Corriere 23.1.16
La trincea dei vicepresidenti di Ala contro le accuse dei «comunisti»: poltrone queste? È roba da niente
di Tommaso Labate
ROMA
«Queste sono polemiche strumentali, ridicole, stupide. E loro sa che
cosa sono? Comunisti sono». Dalla sua elezione a vicepresidente della
commissione Finanze del Senato non sono passate che ventiquattr’ore. E
la verdiniana Eva Longo, che evidentemente rimugina per tutto il giorno
sulle invettive della minoranza del Pd contro la «promozione» sua e dei
colleghi Pietro Langella e Giuseppe Compagnone, prima dell’ora di cena
decide di togliersi il peso dallo stomaco. Ce l’ha, ovviamente, con i
Bersani, gli Speranza, i Cuperlo e tutti quelli che protestano contro
Renzi per il premio parlamentare conferito al gruppo dei verdiniani. E
li chiama, omaggio al suo ex leader Silvio Berlusconi, con una parola
sola: «Comunisti». «Perché vede, incalza Longo, questa gente della
minoranza del Pd usa noi per colpire Renzi. Questa è gente senza
coraggio. Anche noi eravamo minoranza dentro Forza Italia e ce ne siamo
andati. Loro, il coraggio di andarsene, non ce l’hanno».
Che ci
fosse Renzi nel destino di Eva Longo — classe ’49, nubile, ex sindaco di
Pellezzano (Salerno), ex democristiana, ex casiniana (nel senso di Pier
Ferdinando), ex berlusconiana e, prima di diventare verdiniana, anche
ex fittiana (nel senso di Raffaele) — lo si era capito in un giorno
dell’ottobre 2014. Aula di Palazzo Madama, interno giorno. Longo,
collezionatrice di foto con celebrity varie (ha scatti con Berlusconi,
la Pascale, Katia Ricciarelli, l’attore Carlo Buccirosso e il cane
Dudù), corre verso lo scranno del premier e placca Renzi. «Dome’, fammi
la foto», dice all’ex collega forzista De Siano. Sorriso. Clic. Ora,
grazie ai voti del Pd, Longo è diventata vicepresidente di Commissione.
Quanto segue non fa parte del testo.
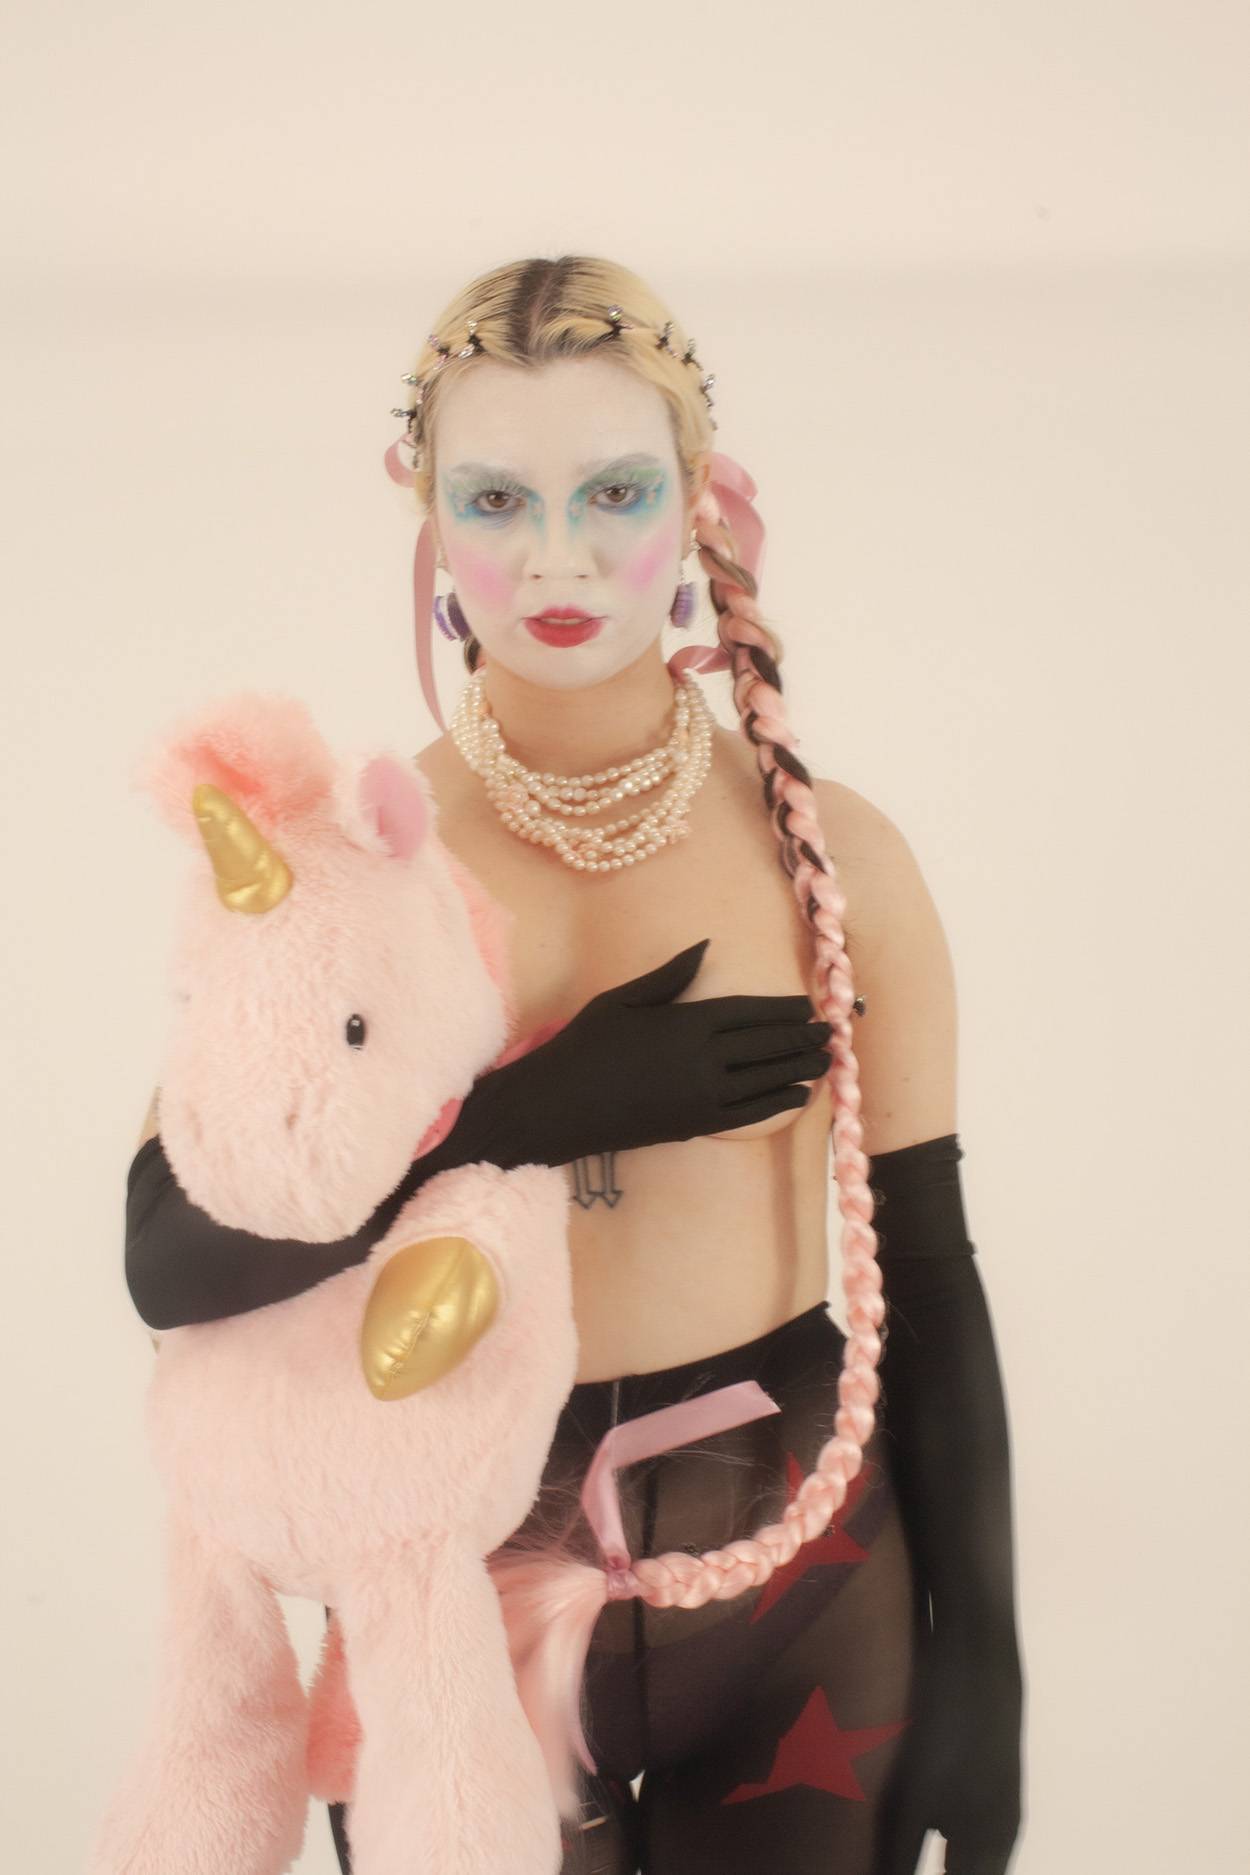 Photo of model holding unicorn soft toy from the series Modern Club Kids. Styling creative direction and photography by Grace Clayton, Makeup and Hair by Lucy Amos.
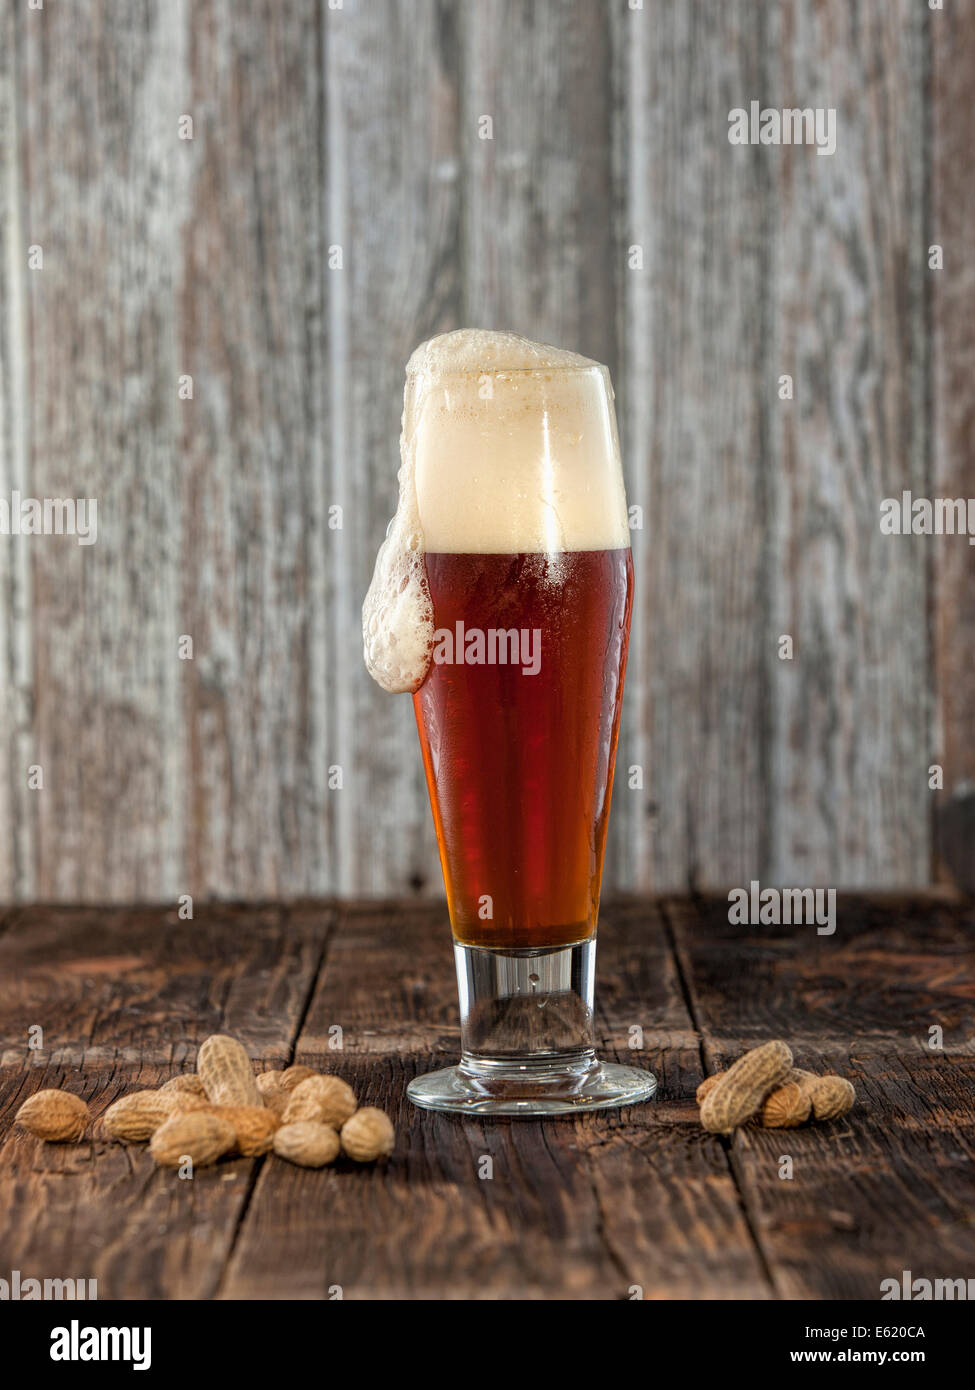 Peanuts and foaming beer. Stock Photo

Mentre l’autore dell’istantanea De Siano, combatte contro una richiesta
di arresto che arriva dalla Procura di Napoli per una faccenda di
appalti.
Pure Giuseppe Compagnone, eletto vicepresidente della
commissione Difesa, protesta contro le accuse che sinistra pd e Forza
Italia hanno rivolto anche nei suoi confronti. Il medico-senatore
siciliano — classe ’57, ex sindaco di Grammichele (provincia di Catania)
ed ex fedelissimo di Raffaele Lombardo — proprio non si capacita di
come qualcuno possa accusarlo di essere un collezionista di poltrone.
«Noi a caccia di poltrone? Ho capito bene? E lei me le chiama “poltrone”
queste della commissione? Queste sono robe di niente. Le vere poltrone
sono quelle dei sottosegretari. E noi non ne abbiamo chieste». Perché
«noi» — e col «noi» Compagnone intende i verdiniani — «aiutiamo Renzi
perché realizza le riforme che stavano nel nostro programma. Dove non
siamo d’accordo, non votiamo». Tipo sulle unioni civili? «Faremo le
nostre valutazioni. Io posso dirle quello che penso grazie alla mia
esperienza di medico. E cioè che un bambino cresce psicologicamente sano
solo se si segue la natura. E la natura dice che deve avere un papà e
una mamma. Detto col rispetto degli omosessuali, eh? Che comunque, un
minimo di diritti civili li devono avere».
Preferisce tenersi
tutto dentro, evidentemente, Pietro Langella. Il verdiniano neo
vicepresidente della commissione Bilancio si rende irreperibile. Il suo
day after è votato al dio Silenzio. Ha una storia difficile alle spalle.
Dopo che la camorra gli ha ammazzato il padre e lo zio (quest’ultimo
era un boss assassinato nel 1991), Langella è cresciuto lontano dalla
famiglia. Poi l’amore per la politica, militanze in partiti che spaziano
dal centrosinistra al centrodestra, l’incontro con Nicola Cosentino,
che l’ha fatto eleggere nel Pdl. Fino a quella decisione di abbandonare
Berlusconi per Verdini. E al voto in commissione Bilancio, ieri l’altro,
che l’ha portato su tutti i giornali.